Hyderabad: The time taken to develop improved crop varieties has almost halved with the rapid strides made in genomics research and the last decade has seen the genomes of eight crops sequenced. This includes pearl millet and groundnut which are important for the nutrition and livelihoods of smallholder farmers in the drylands of sub-Saharan Africa and India. These achievements have emerged from the advanced genomics research being carried out at the Centre of Excellence in Genomics (CEG) at the International Crops Research Institute for the Semi-Arid Tropics (ICRISAT).
Established in 2007, CEG is celebrating a decade of using modern genome analysis methods with the goal of delivering crop varieties that are better adapted to poor soils, low rainfall, high climate variability and pest and diseases that will help improve the livelihoods of smallholder farmers. CEG was set up in collaboration with the Department of Biotechnology (DBT), Government of India.

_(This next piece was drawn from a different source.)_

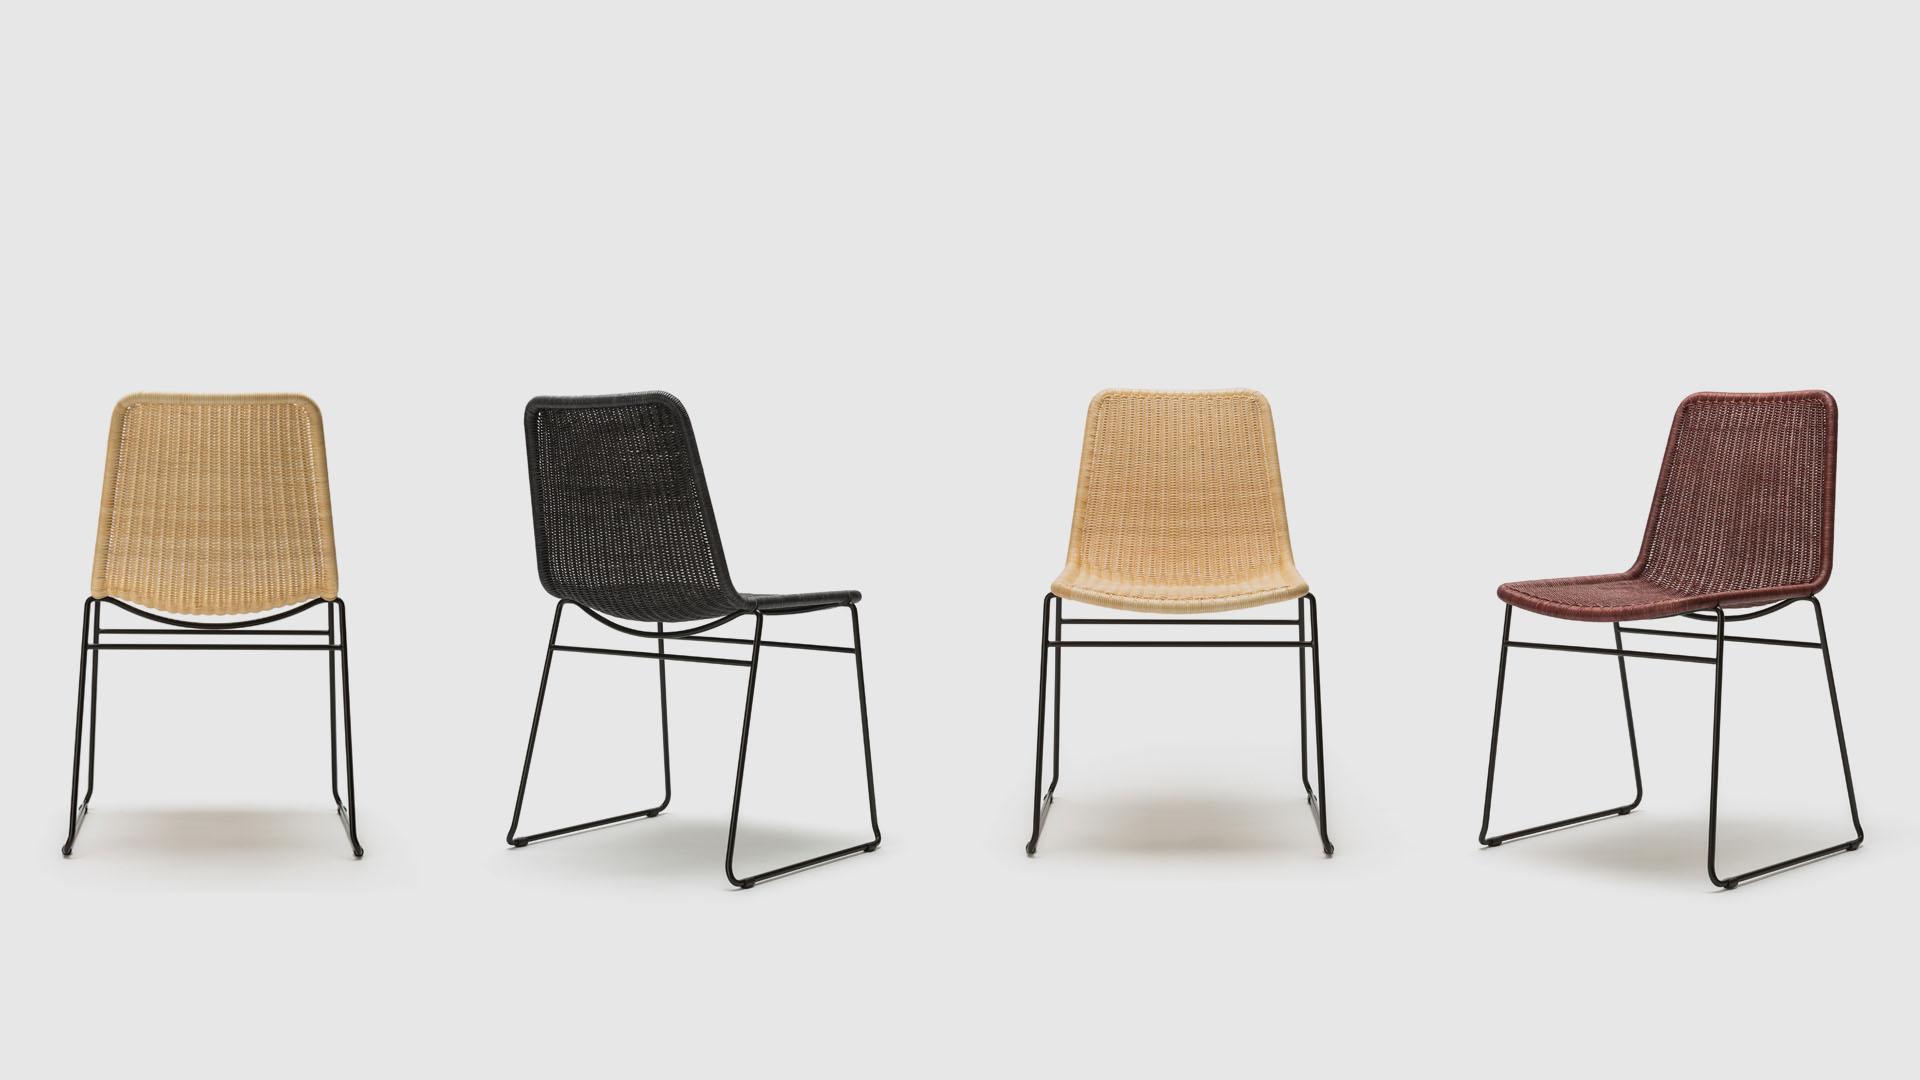 C607_chair_Yuzuru_Yamakawa_S3.jpg
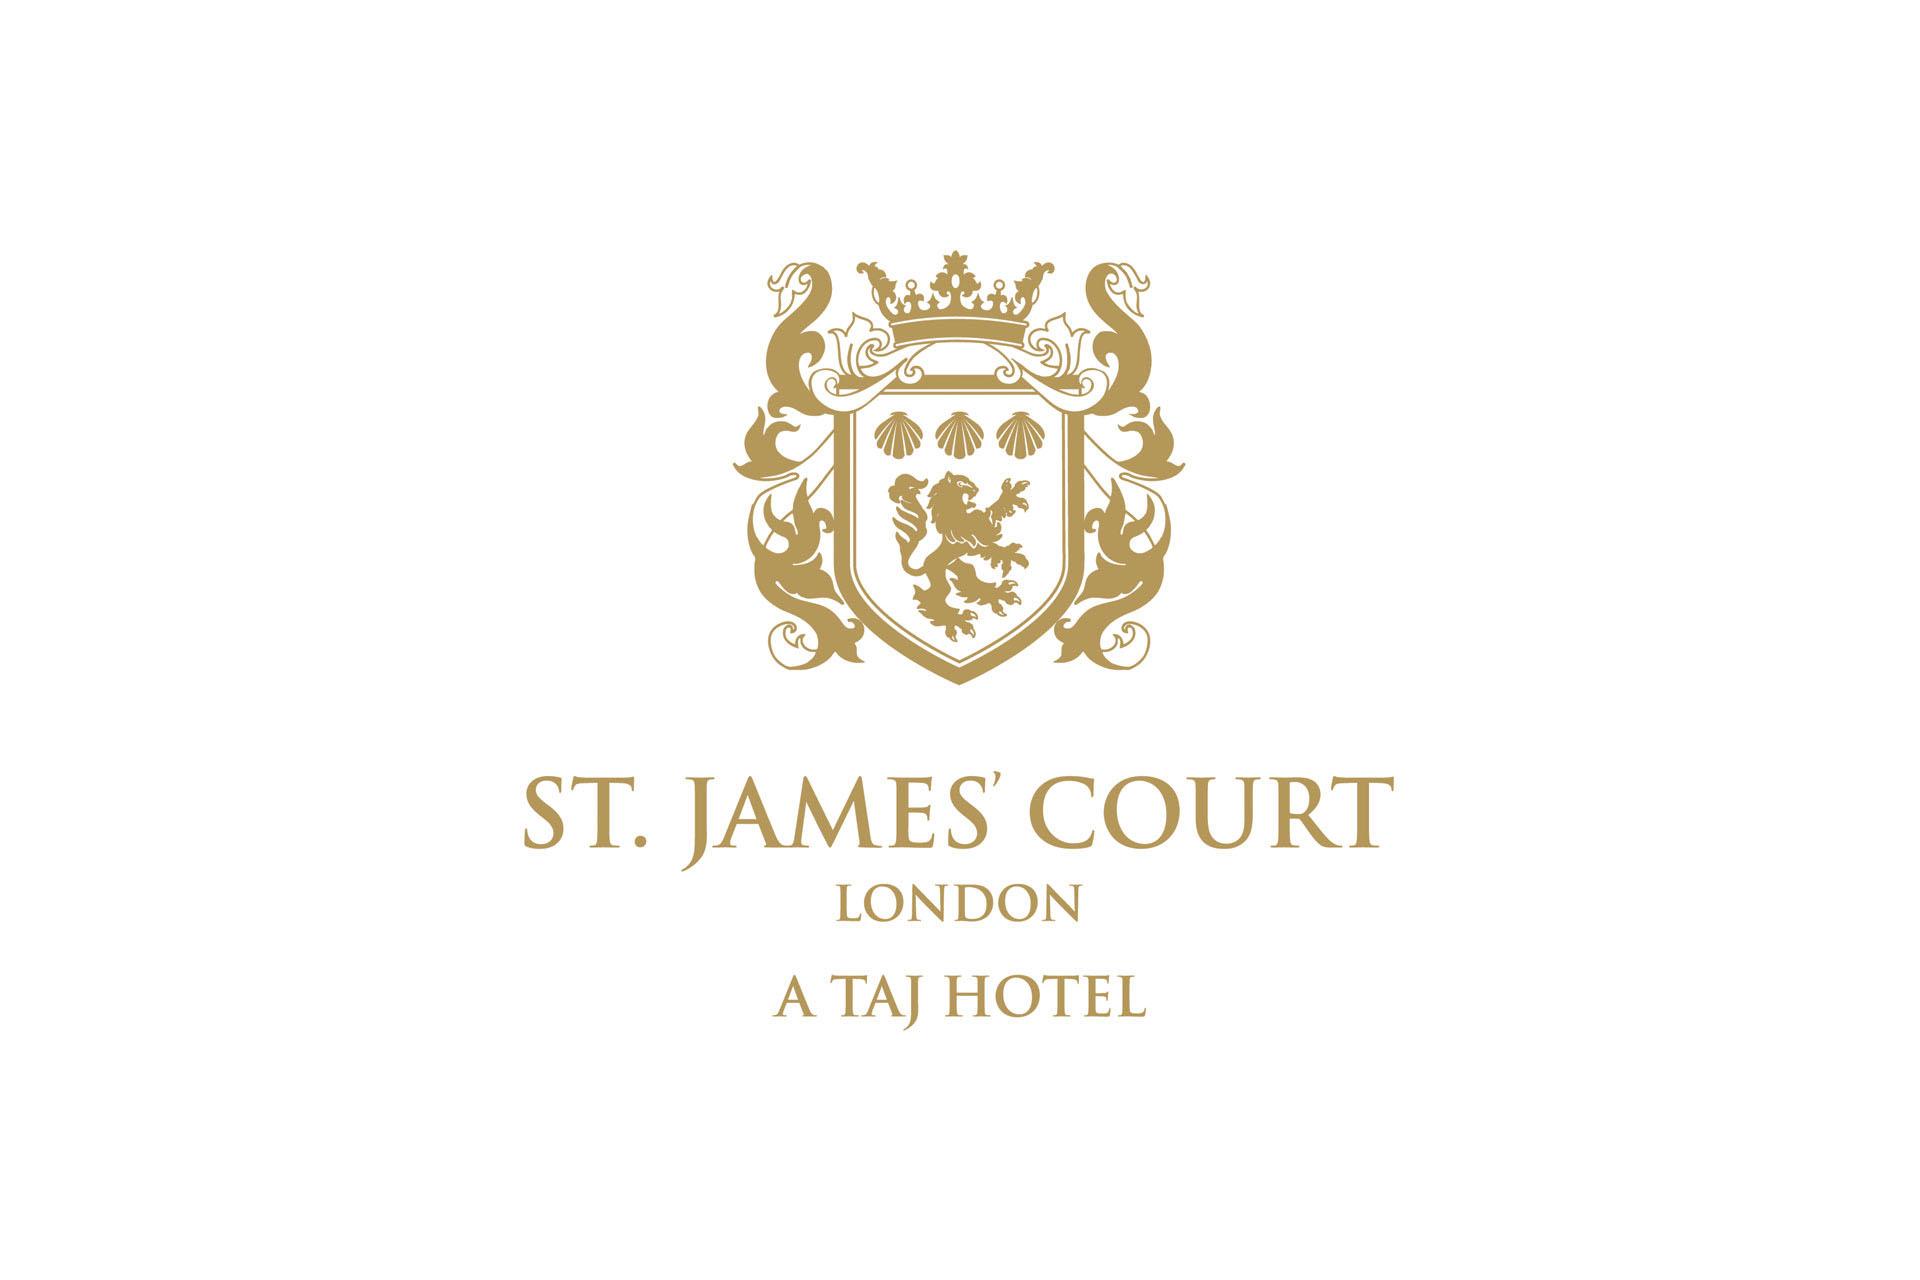 St. James Court

CEG has been recognized both nationally and internationally, for its work in high-throughput molecular genotyping and phenotyping technologies, which have been made available to a wide range of public and private research institutes in India. The decoding of genetic information of important dryland crops led to the discovery of many new crop breeding tools like single nucleotide polymorphisms (SNPs) genetic markers for faster and more targeted crop improvement programs. CEG’s work has helped develop drought-tolerant or disease-resistant varieties of groundnut and chickpea, key to improving Indian smallholder farmers’ productivity and climate resilience.